The proposed system offers significant advantages for railway maintenance by enabling continuous and real-time monitoring of track conditions. Specifically, maintenance vehicles equipped with an integrated track detection system can routinely patrol railway lines, identifying obstacles, debris, and structural damages such as cracks or misalignments. The early detection of these issues facilitates prompt interventions, thereby minimizing the risk of accidents and reducing service disruptions. Moreover, the system is capable of accumulating longitudinal data on track conditions, which allows for comprehensive analysis of wear and deterioration patterns over time. By comparing current track data with historical records, the system can identify gradual degradation, including the formation of minor cracks or uneven rail surfaces that may not be readily observable through manual inspections. This data-driven approach enables railway operators to accurately predict maintenance needs, supporting proactive maintenance scheduling rather than reactive repairs. Consequently, the implementation of this system enhances maintenance efficiency by reducing unplanned downtime and ensuring the consistent operation of trains. Early identification of track wear and structural defects also contributes to extending the operational lifespan of the tracks, as timely maintenance interventions prevent minor issues from escalating into more severe problems that would require extensive repairs or complete track replacements. Overall, this system not only improves safety standards but also optimizes maintenance costs and enhances the overall operational efficiency of railway services.
The remainder of this study is organized as follows. In “Railway track detection” section, we explain the semantic segmentation models and various pretrained deep-learning models that have been successfully applied to track detection and compare the performance of the deep-learning models based on the actual data acquired. “Experimental results” section presents the evaluation of the numerical performance of each model and the detection results when there is an obstacle. Finally, “Conclusions” section is presented.
Railway track detection
Semantic segmentation
Semantic segmentation, a deep-learning-based computer vision technology, is widely used in several industries and is becoming a mainstream technology in deep learning.17–19,25–31 Figure 1 shows the inference results of DeepLabV3+, 29 a representative semantic segmentation model, using the ADE20K 32 dataset for training.

Semantic segmentation.
As illustrated in Figure 1, semantic segmentation classifies each pixel in an image, identifies the object to which the pixel belongs, and accurately detects the location, shape, and boundaries of the objects. This segmentation information is used in autonomous driving to accurately distinguish between roads and pedestrians or in radiology to detect abnormalities in tumors or tissues in medical images such as magnetic resonance imaging or computed tomography. It has become an important tool for solving complex problems for a wide range of applications.33–39 If this technology is used in railway systems, it can create a maintenance system that detects and monitors the condition of tracks or analyze the flow of vehicles and passengers within railway stations from an operational management perspective. Furthermore, utilizing images captured by cameras mounted on railway vehicles in combination with segmentation models allows for the rapid real-time detection of potential hazards, such as pedestrians, animals, or other obstacles near the tracks, enabling the implementation of appropriate safety measures. Additionally, recognizing traffic signals and signs through semantic segmentation can enhance the performance of the signaling system. By identifying traffic lights and signs with known precise locations, the exact position of the railway vehicle can be determined, facilitating more efficient train scheduling and reducing the risk of collisions with preceding trains.

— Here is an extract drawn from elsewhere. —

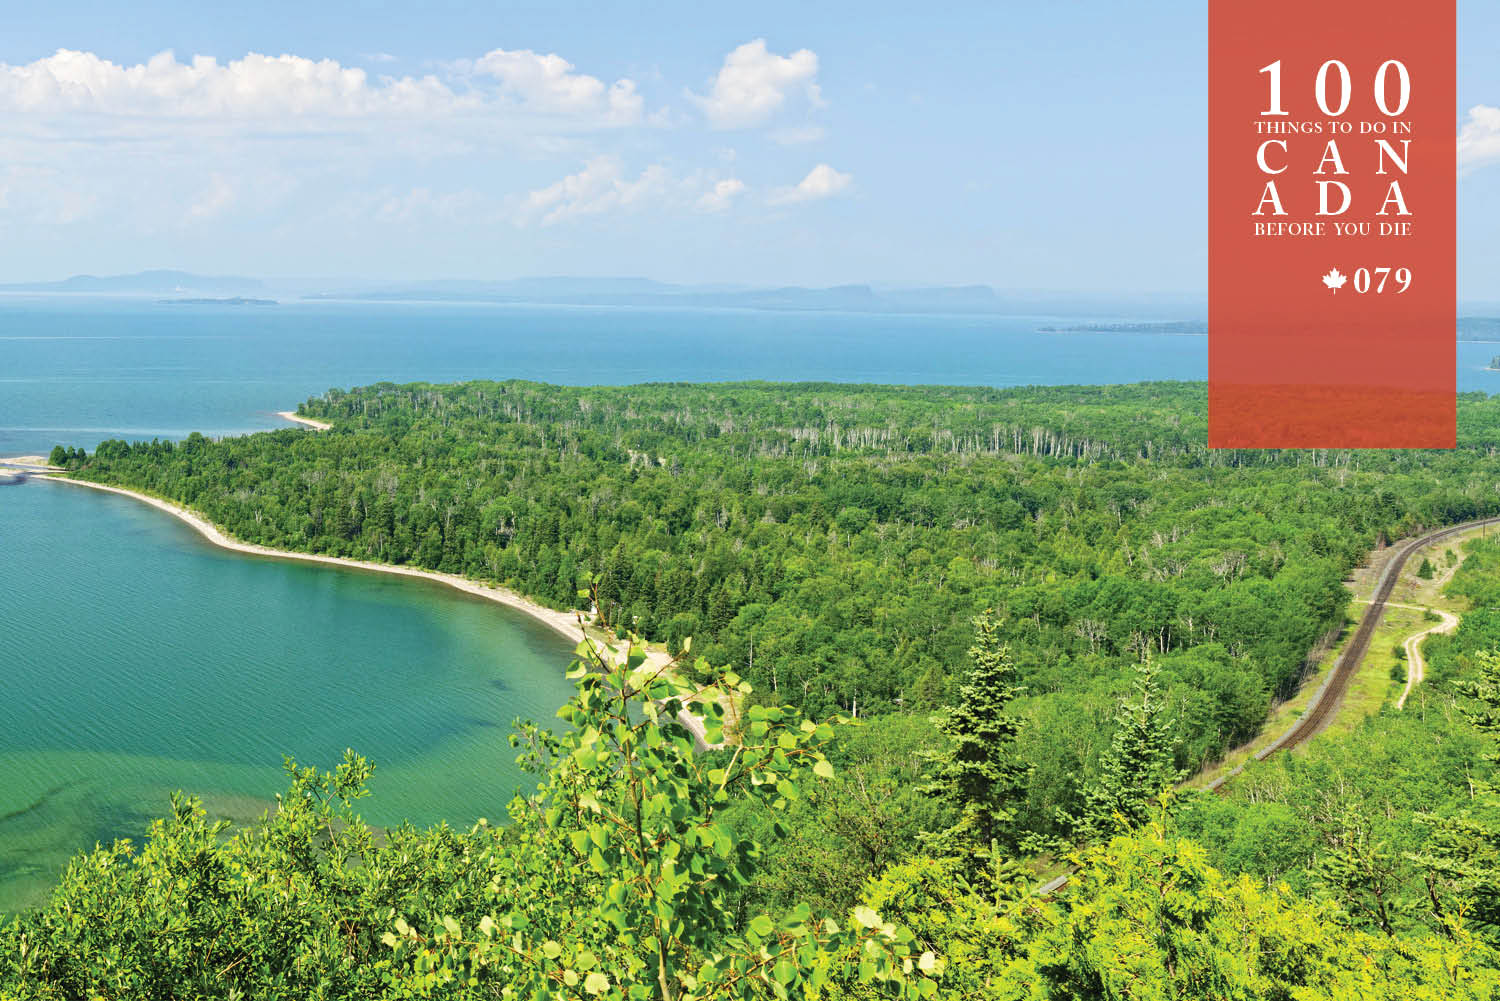 Fill up the tank for an iconic Lake Superior road trip

Semantic segmentation models with frozen weights for railway detection
Recent downstream tasks use a method of fixing the weights of certain or all the models. This is because it reduces the computational cost required for training, uses high-dimensional representations obtained from a wide range of datasets, and prevents overfitting while achieving efficient learning. Therefore, in cases with specific environments and requirements, such as railway track detection, finding pretrained models using similar domain datasets is important. To make learning more efficient for a new task, reduce the amount of data required for learning, and achieve high performance, comparing and selecting from various pretrained datasets and models is crucial.

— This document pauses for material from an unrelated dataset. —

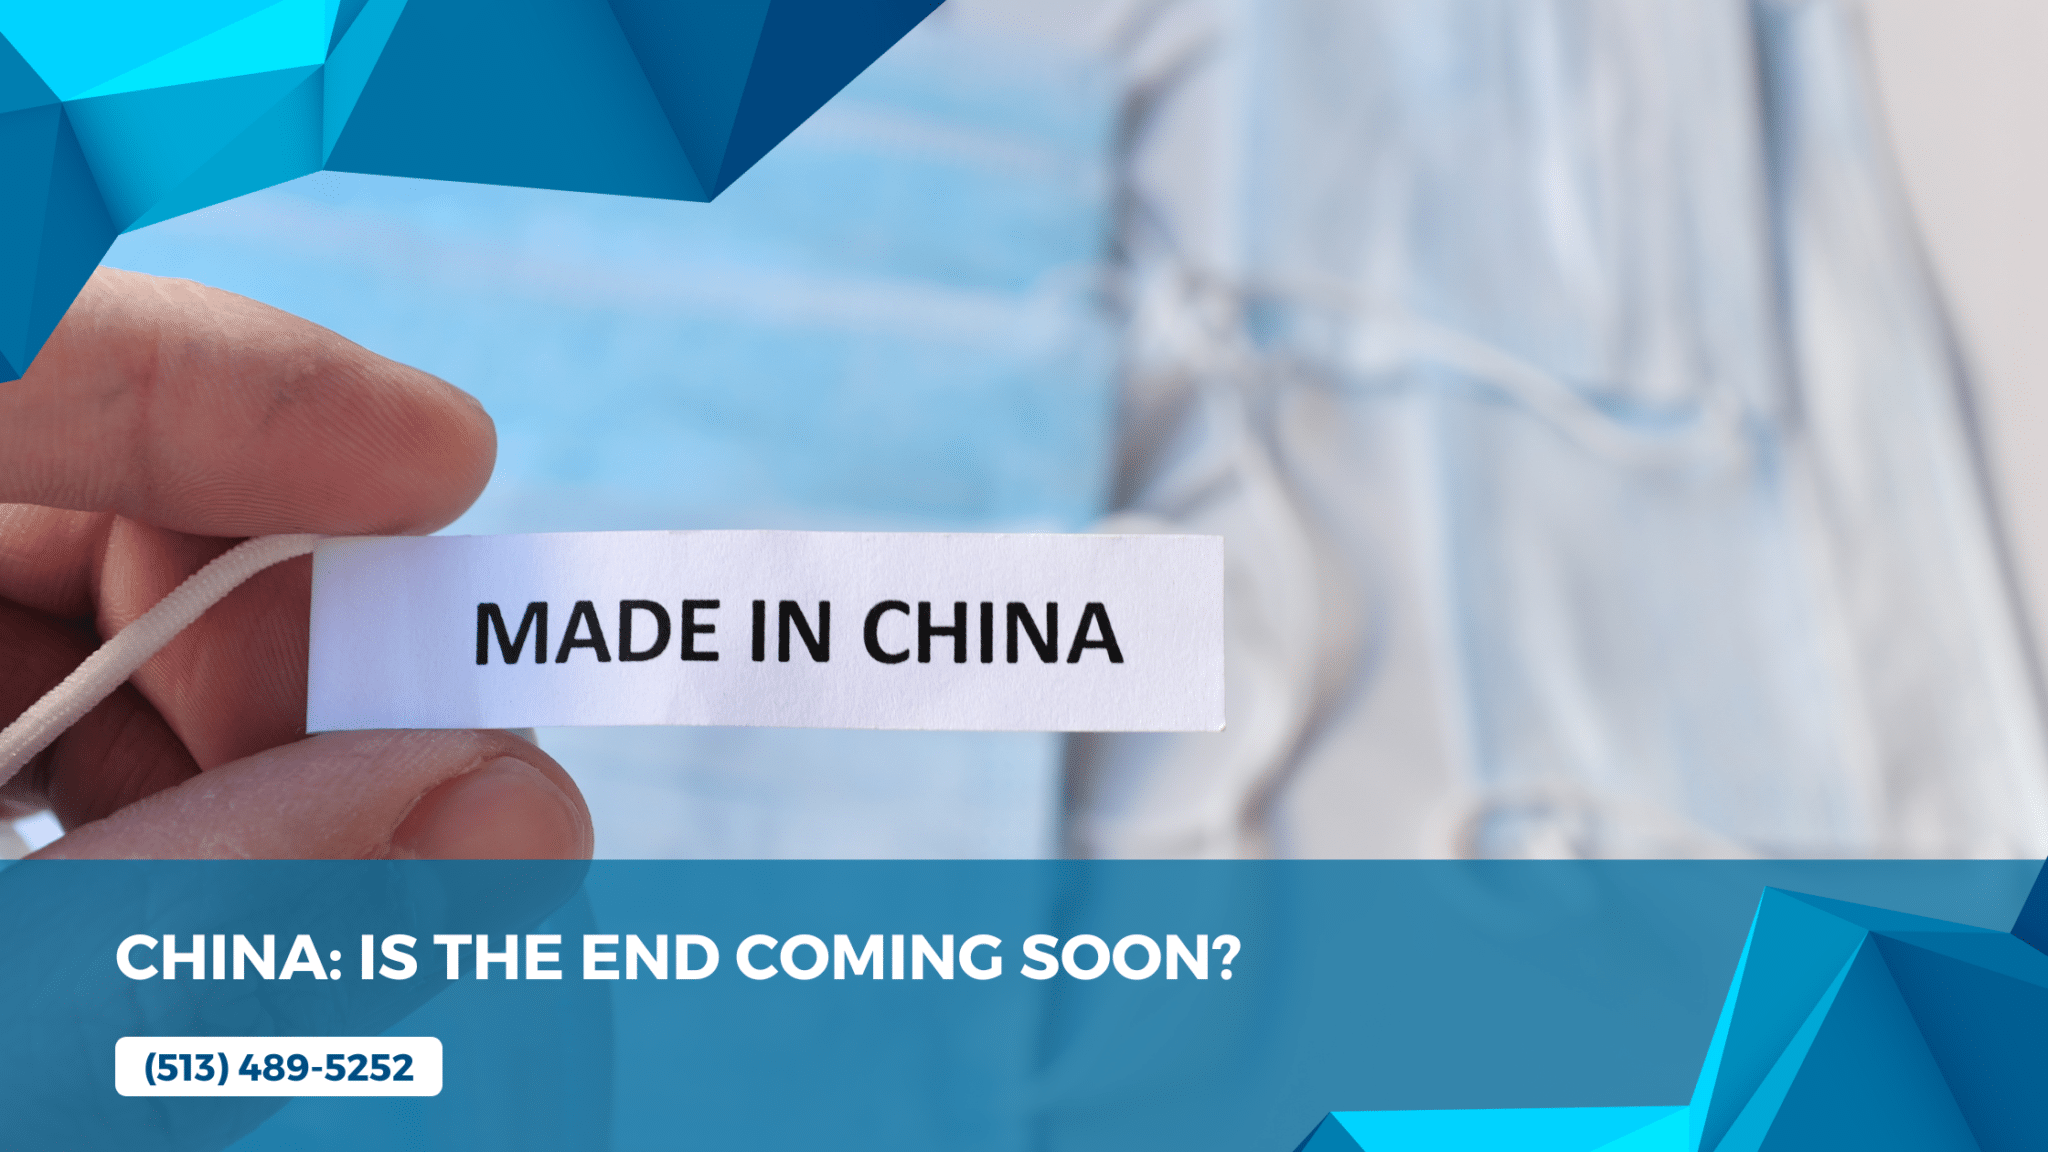 China: Is the End Coming Soon?

This study aimed to apply deep-learning image segmentation to railway systems. Semantic segmentation technology is used to detect railway infrastructures, such as tracks, in real time from images acquired from cameras mounted on trains to detect obstacles, track defects, and other hazards. It also performs various auxiliary tasks, such as predicting the radius of curvature of the line. We conducted a large-scale experiment to detect railroad tracks using a large-scale model developed for semantic segmentation and various datasets used for pretraining the model. The results are shown in Table 1.
Results of segmentation system for railway detection.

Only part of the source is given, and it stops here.